§ Exercise requirements:
Copy the lines below, please, starting with the one that contains "an image of" and ending with the last. Pictures stay out.

§ Collected material:
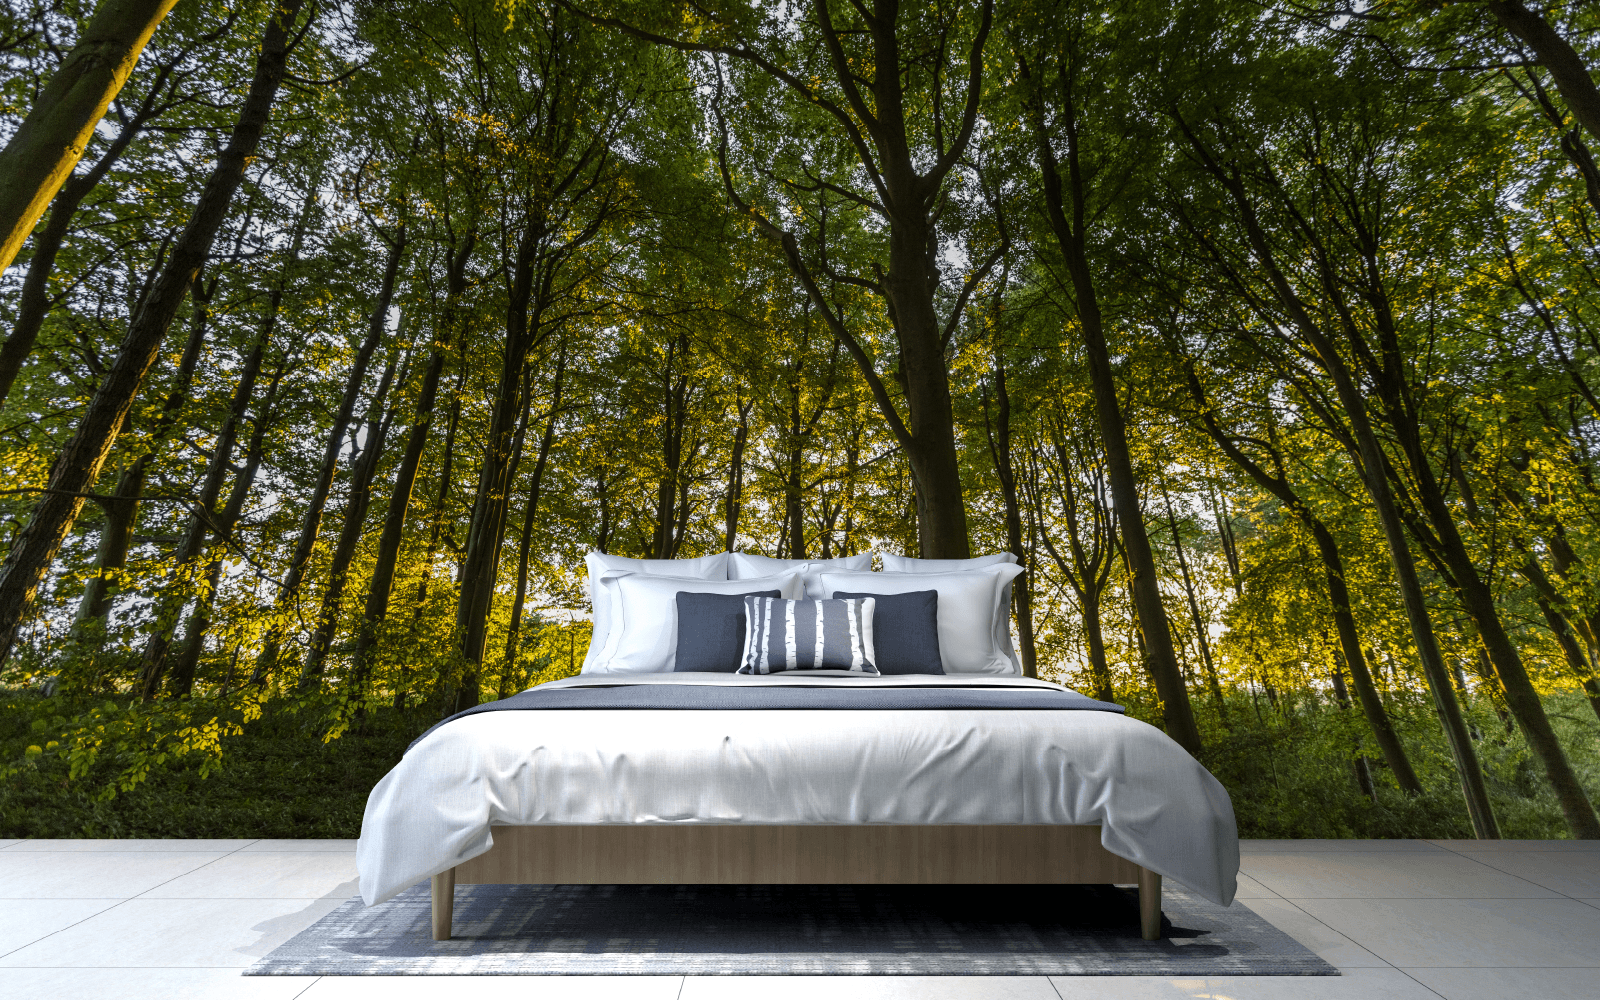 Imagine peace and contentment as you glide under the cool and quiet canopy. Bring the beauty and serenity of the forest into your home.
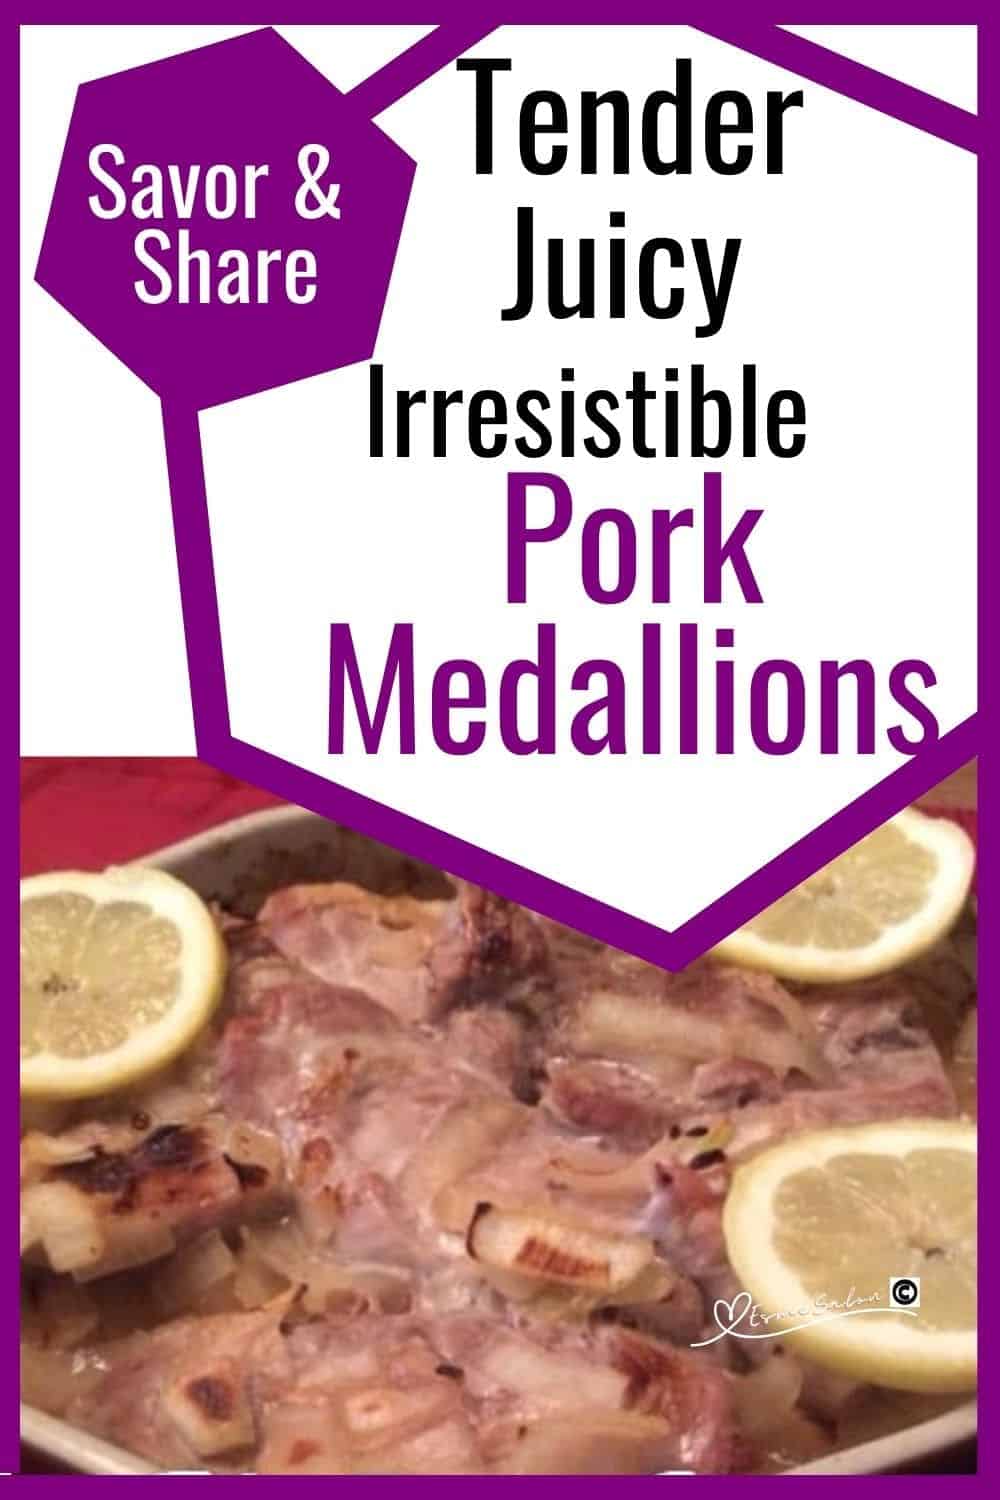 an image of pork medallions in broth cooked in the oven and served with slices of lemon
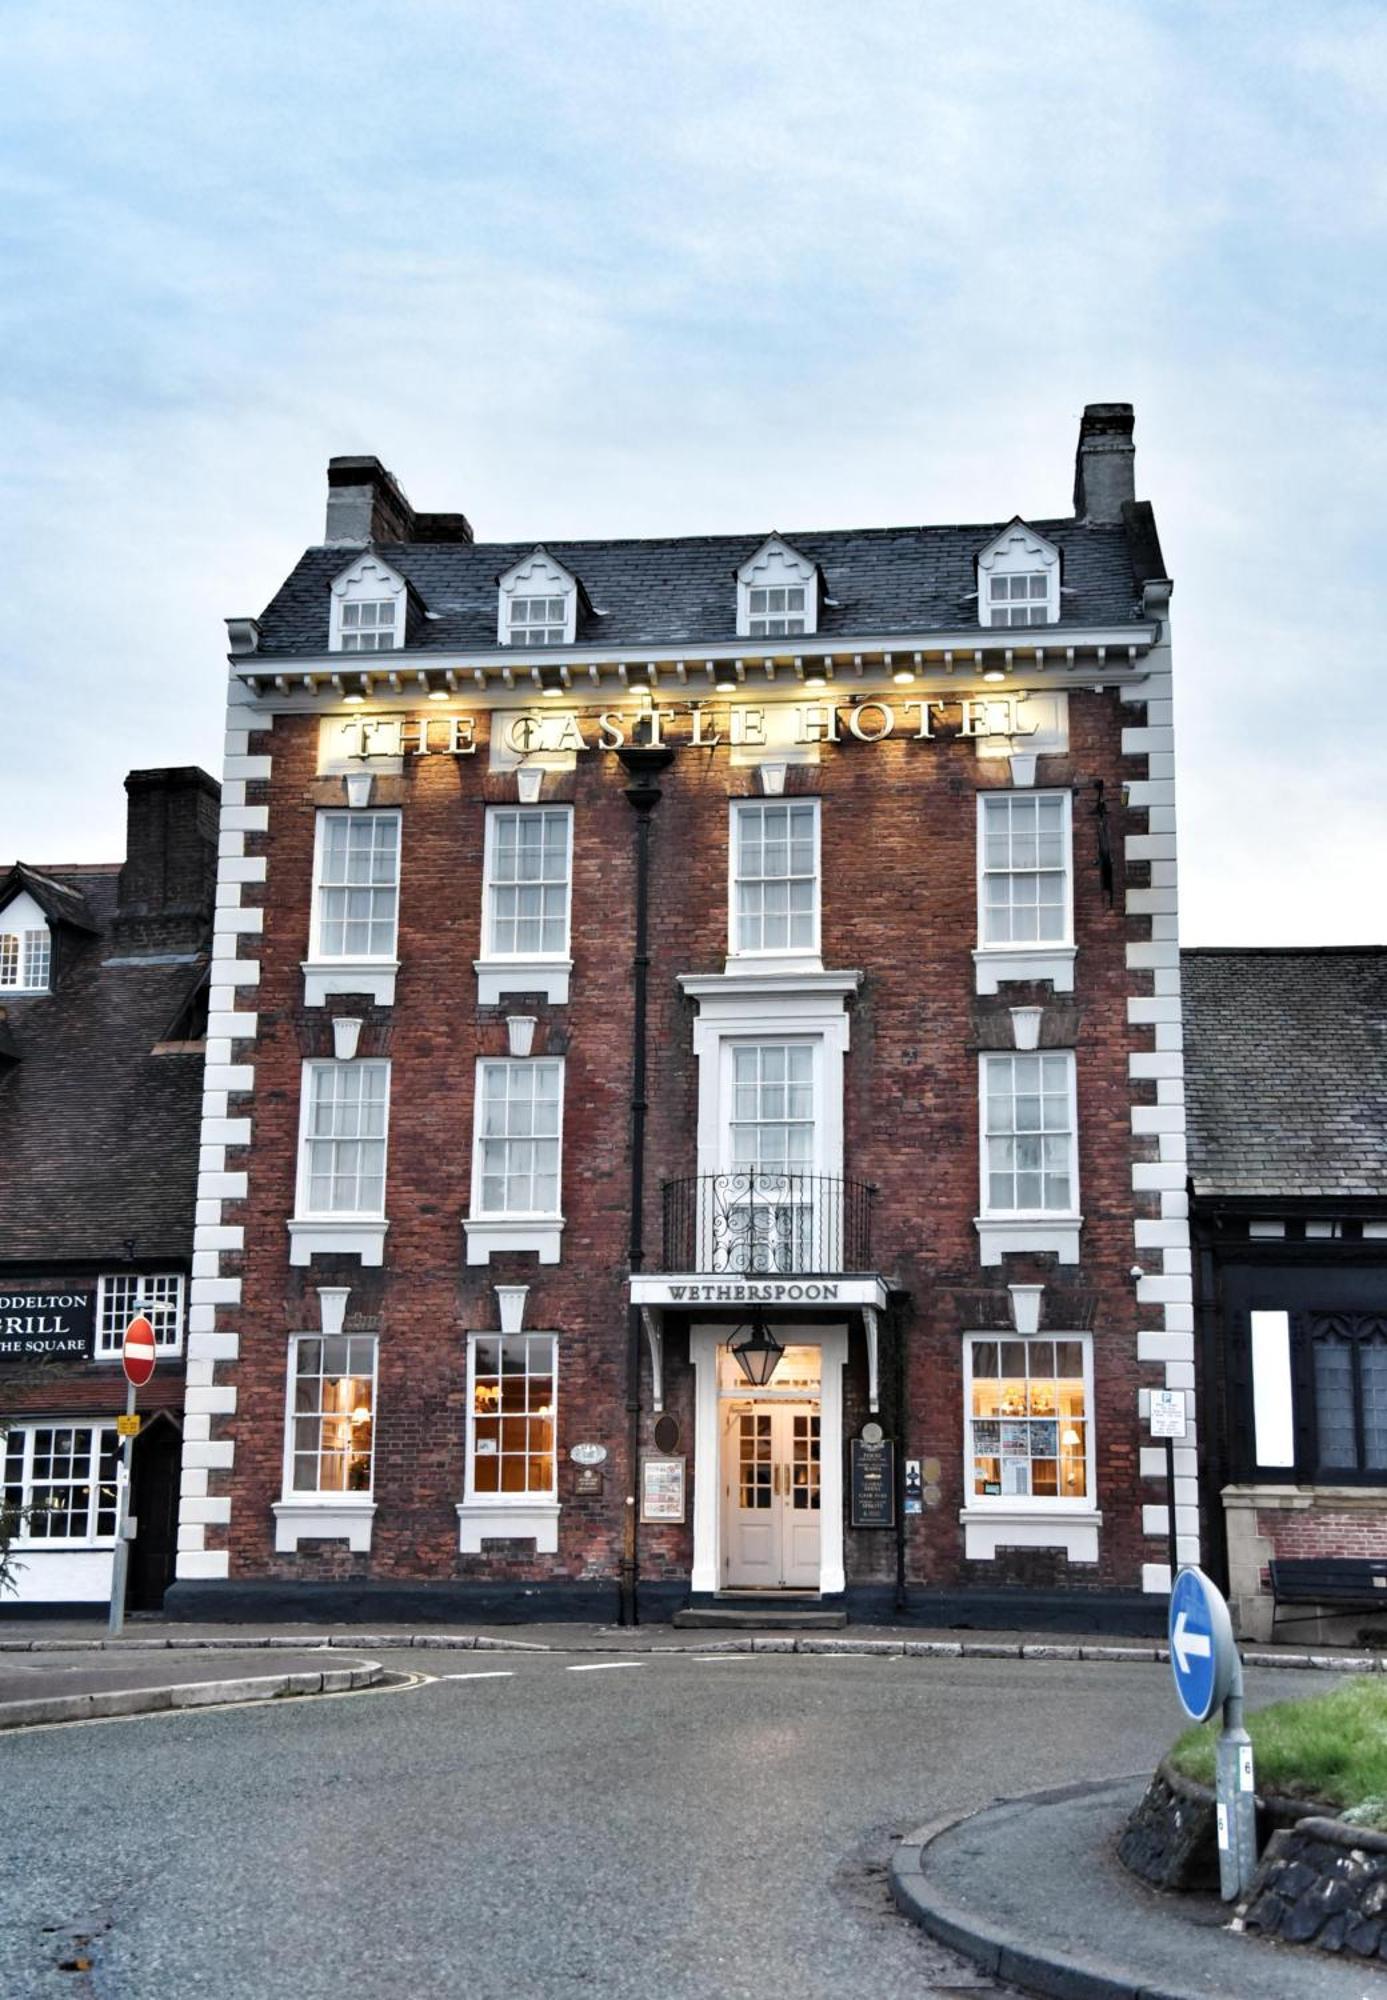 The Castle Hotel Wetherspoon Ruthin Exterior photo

§ Solution to this problem:
 an image of pork medallions in broth cooked in the oven and served with slices of lemon
 The Castle Hotel Wetherspoon Ruthin Exterior photo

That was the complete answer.